Flexibility and ability to adapt are also needed to ensure a sustainable future for world fisheries in face of the challenges posed by climate change. MacNeil et al. (2010) review available knowledge to try to predict the consequences of current climate trends. They conclude that tropical fisheries are likely to lose species and yield, temperate fisheries are likely to change their species composition and polar fisheries are likely to increase in diversity and yield. These changes will have to be taken into account in fisheries management, to avoid conflicts between winners and losers. Moreover, tools must be developed to allow human populations to adapt.
The issue concludes with a paper by Jackson (2010), who paints a stark picture of the current state of the oceans. Major changes in the marine environment are nothing new—the fossil record reveals that even small shifts in productivity and climate can be associated with substantial ecosystem change, including mass extinction. What is different today is that a single species is responsible. Exploitation—including over-fishing—pollution and the rise in carbon dioxide are individually and jointly fostering what appears to be an irreversible change, and the impact of humanity on the oceans makes another mass extinction seem inevitable. Jackson's paper highlights the biggest challenge of all, and that is the urgent but difficult task of drawing together the growing body of knowledge on pattern and process, and using this to develop policies that can help conserve biological diversity in a world that is changing in ways without precedent.
The planet has always been changing: current patterns of biodiversity are the result of past environmental conditions and ecological and evolutionary constraints (Benton 2010; Clarke & Crame 2010; Lyons et al. 2010).
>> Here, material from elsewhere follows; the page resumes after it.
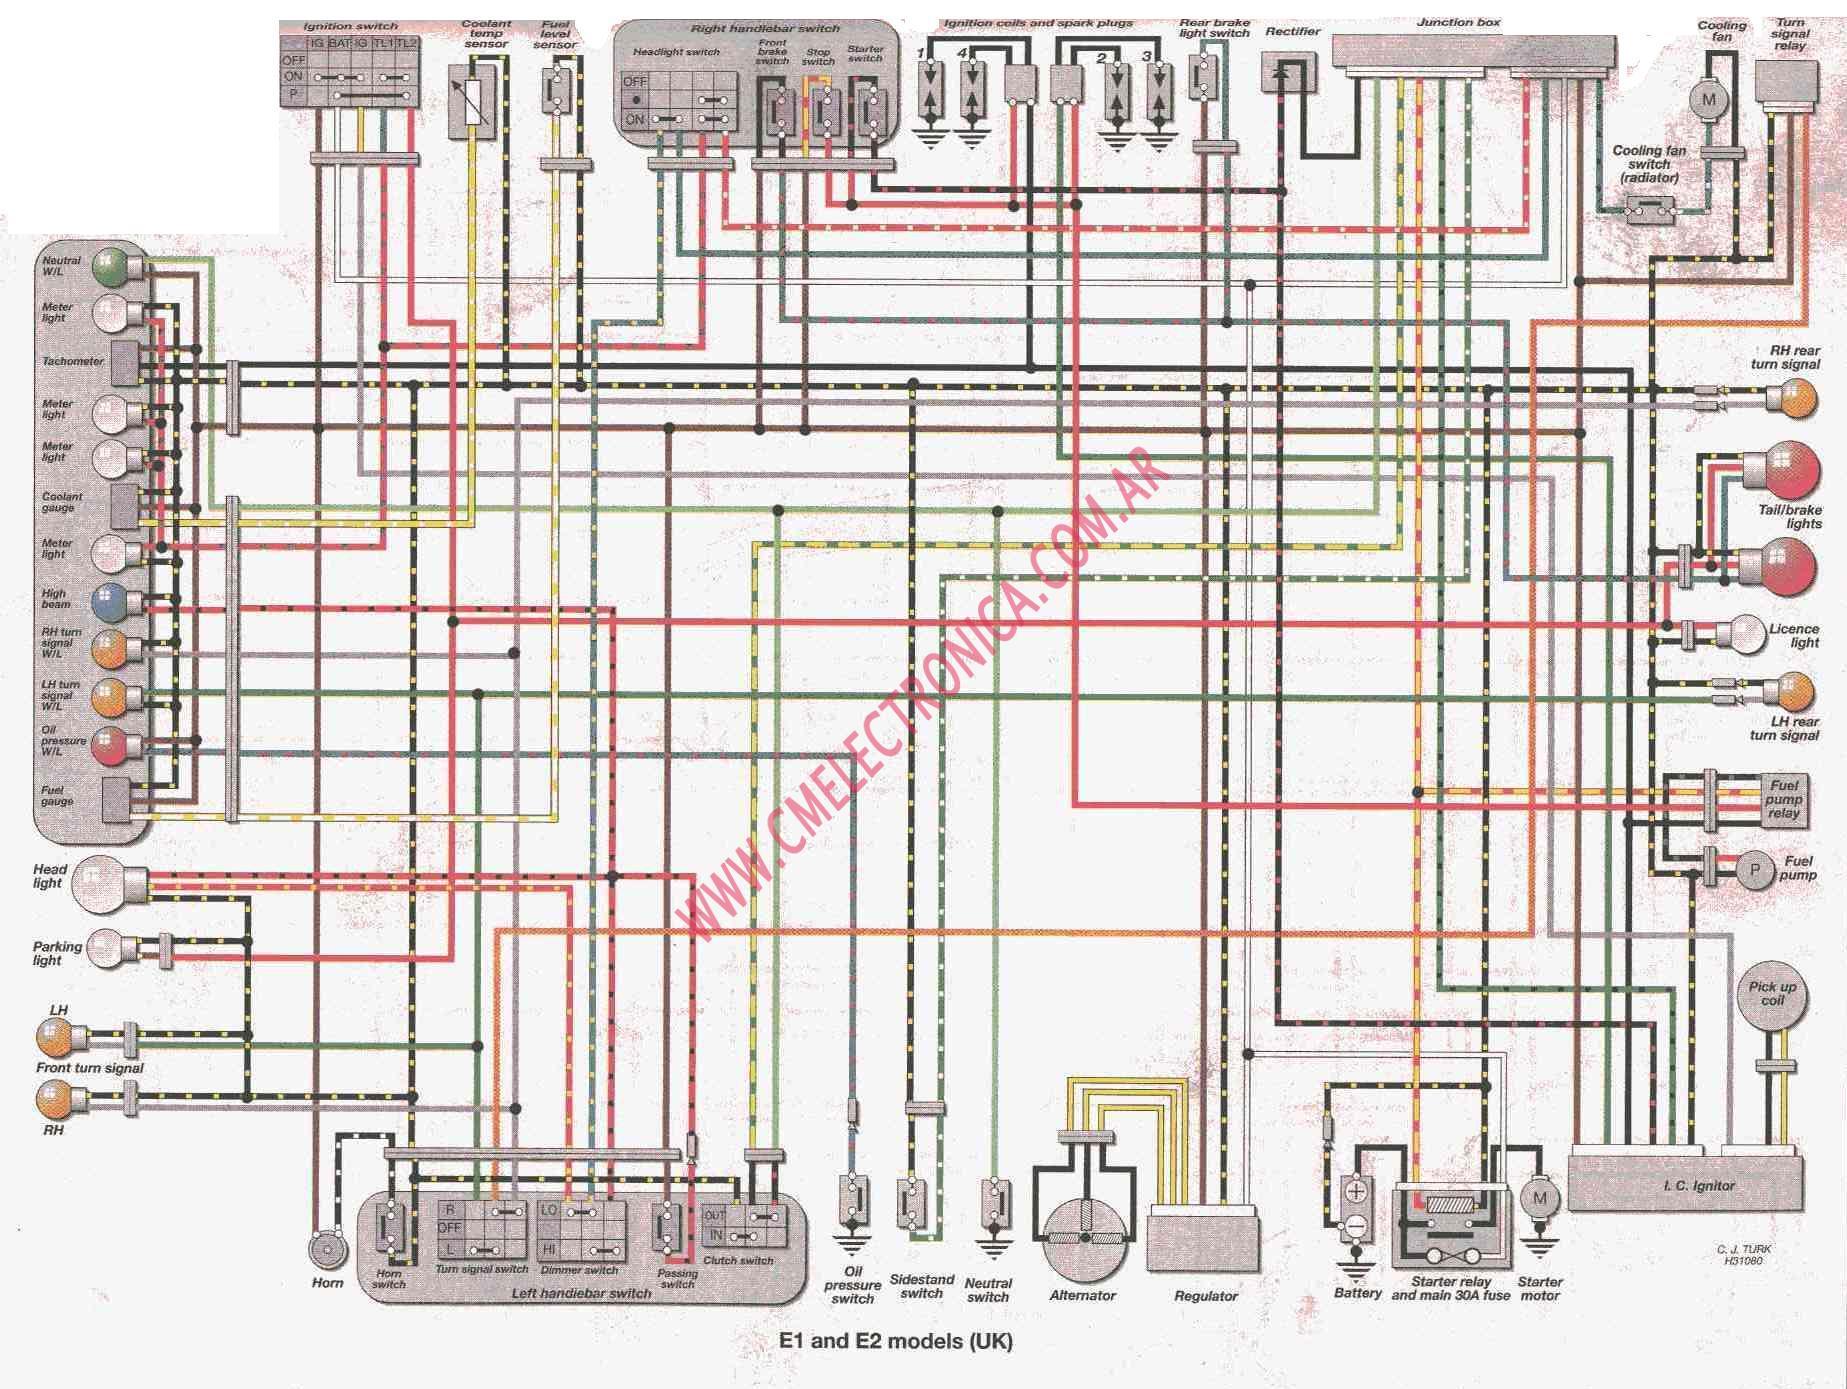 Yamaha R6 Wiring Diagram 93 Schematic Fz8 2000 Service Manual Pdf

However, current rates and sources of change pose scientists and people in general with new challenges (Chown 2010; Jackson 2010). We must incorporate change into the way we view biodiversity, and learn to distinguish between necessary change and change we should aim to avoid or at the very least mitigate. Extinction per se is an inevitable (and perhaps necessary) process in the balance of the biological diversity contained in the world. It is the mass extinction currently underway, caused by overexploitation of natural resources, that needs to worry us. Similarly, environmental change has always been prevalent, and has helped shape biodiversity patterns of today. In contrast, never before has a single species driven such profound changes to the habitats, composition and climate of the planet. To deal with the challenges raised by these large-scale and intense modifications of the planet, we need to develop quantitative tools to quantify (Chao et al. 2010; Gotelli et al. 2010; Magurran & Henderson 2010) and understand (Colwell & Rangel 2010; Dornelas 2010) change; we must document change at multiple scales of space, time and organizational levels (Morris 2010; White et al. 2010; Womack et al. 2010); and we must develop management tools that take change into account (Mace et al. 2010; MacNeil et al. 2010).
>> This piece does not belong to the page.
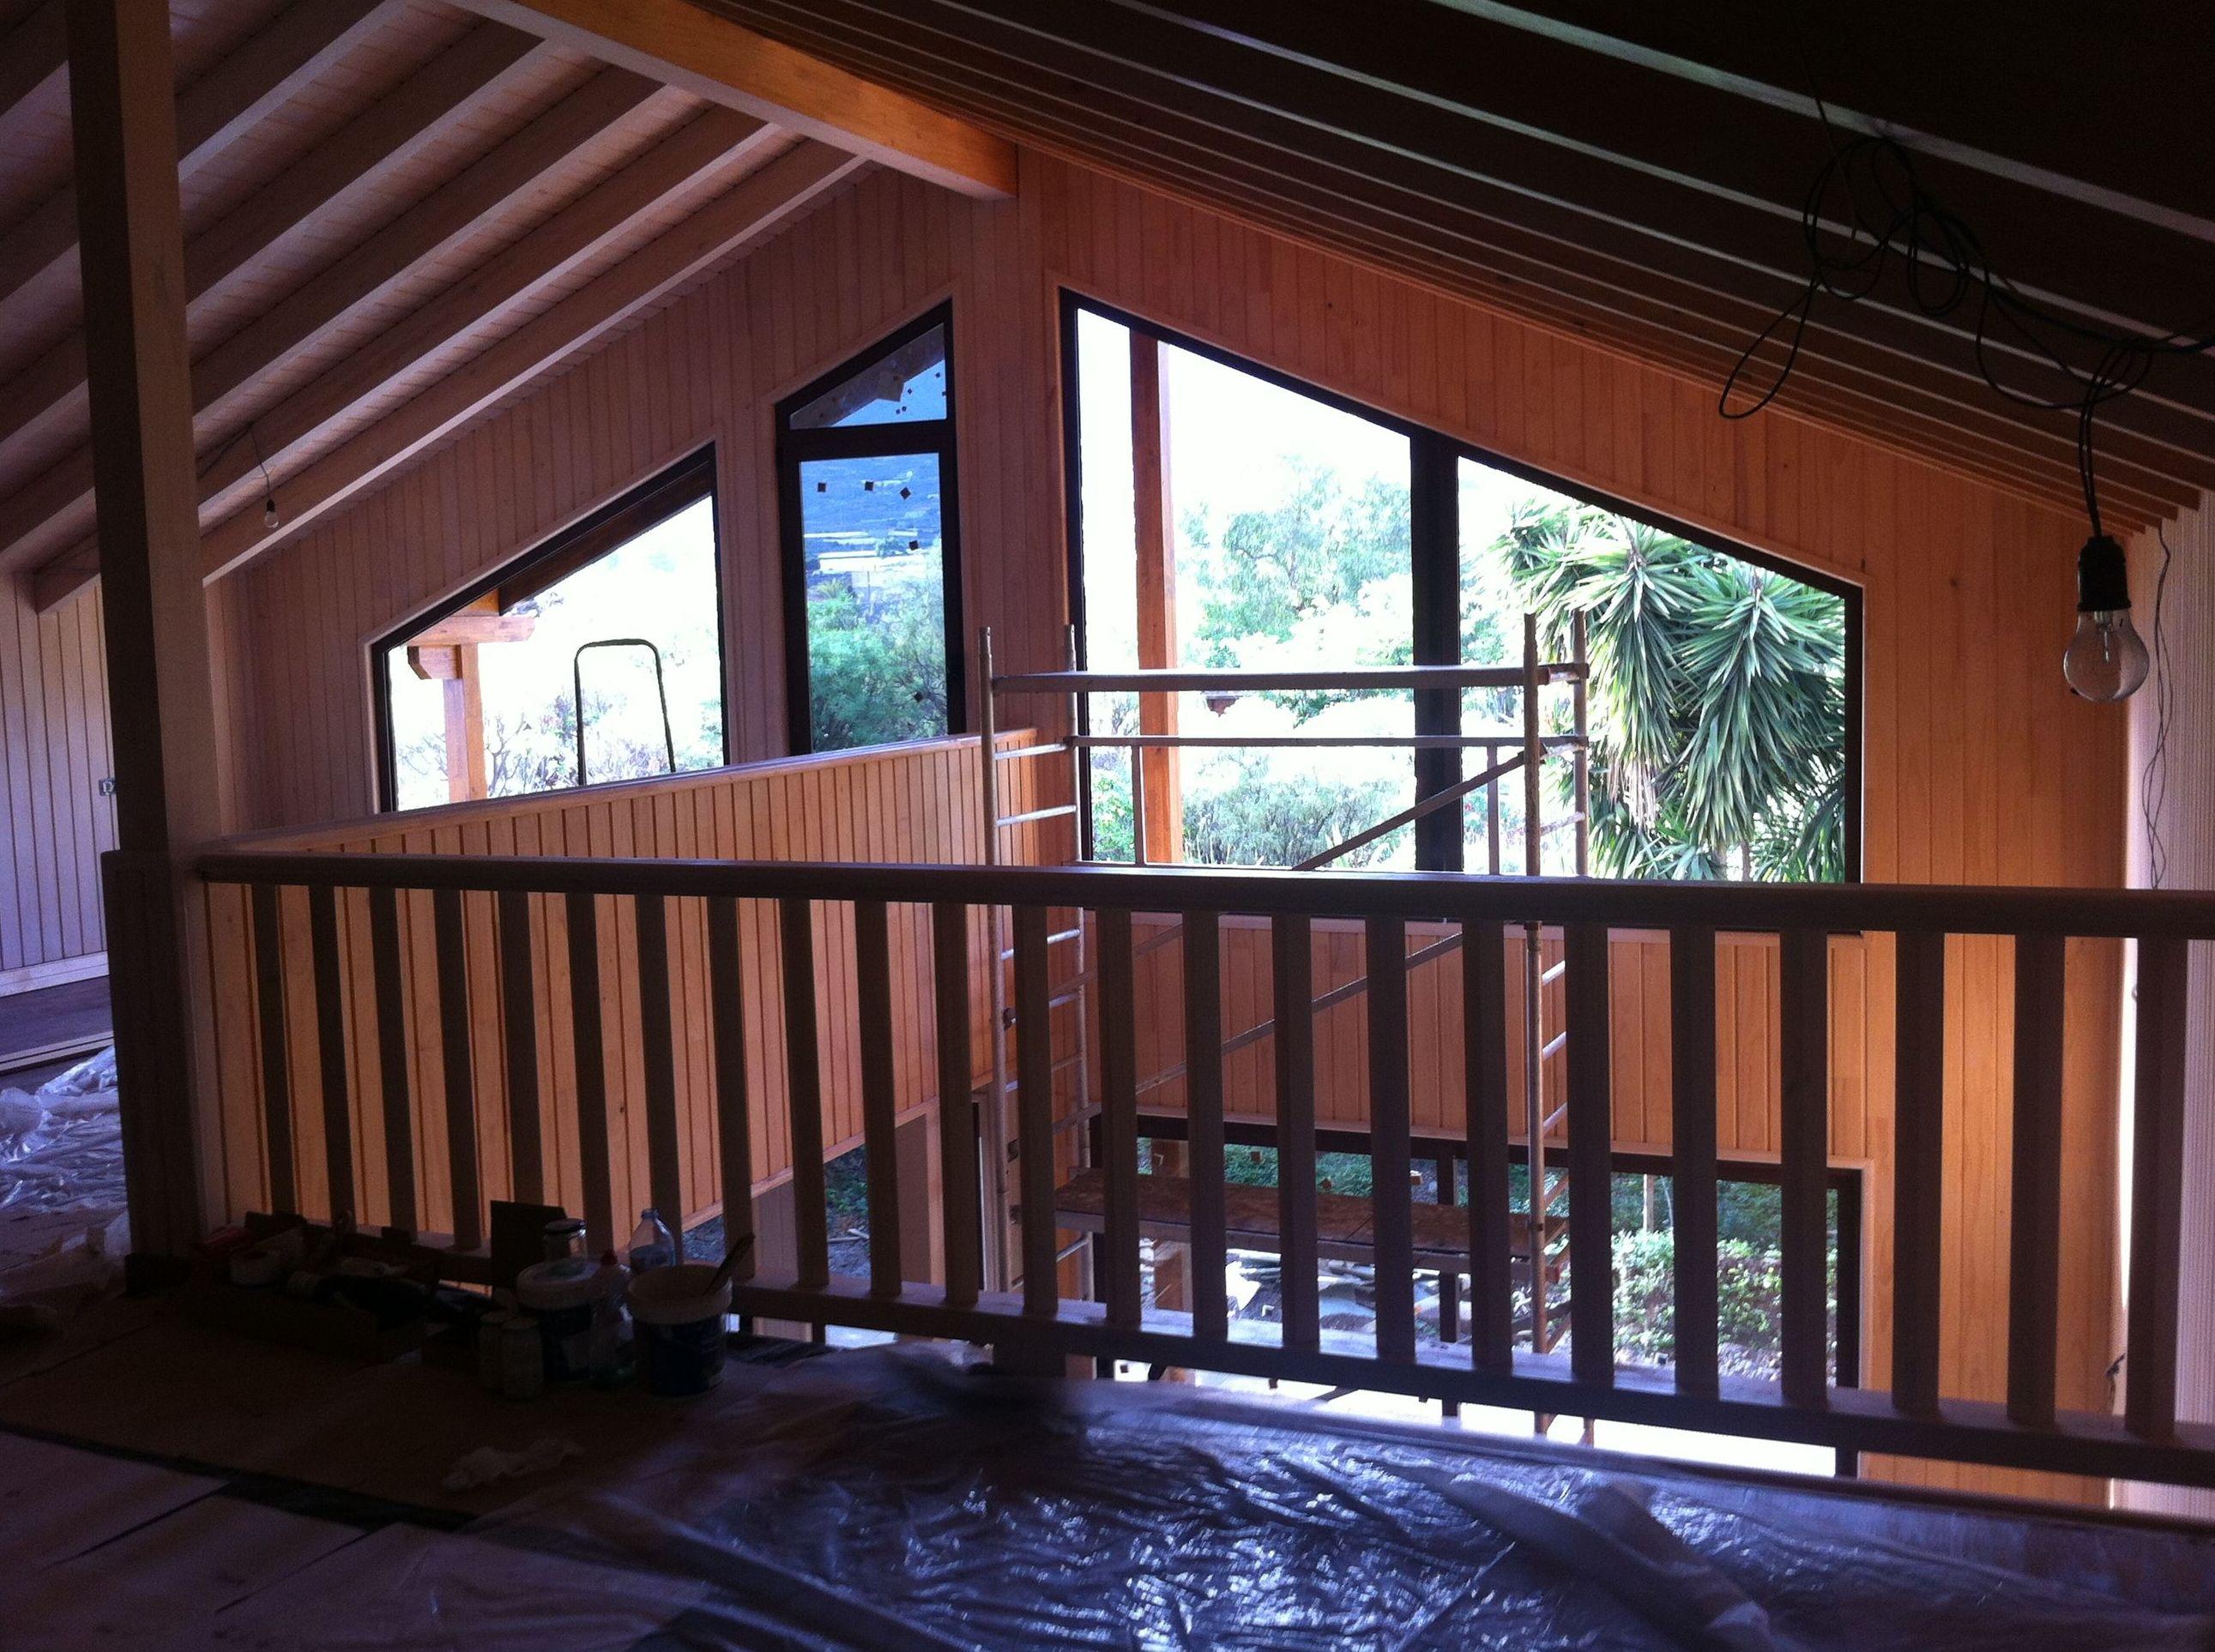 buhardilla loft madera tenerife

Se vogliamo che tutto rimanga come è, bisogna che tutto cambi!
If we want things to stay as they are, everything must change!
(Tomasi di Lampedusa, Il Gattopardo)
We thank all authors and referees for their contributions, and for helping us meet the tight deadlines involved in the issue. We also want to thank Claire Rawlinson and Joanna Bolesworth for their help in making this issue available in time for the discussion meeting.
One contribution of 16 to a Discussion Meeting Issue ‘Biological diversity in a changing world’.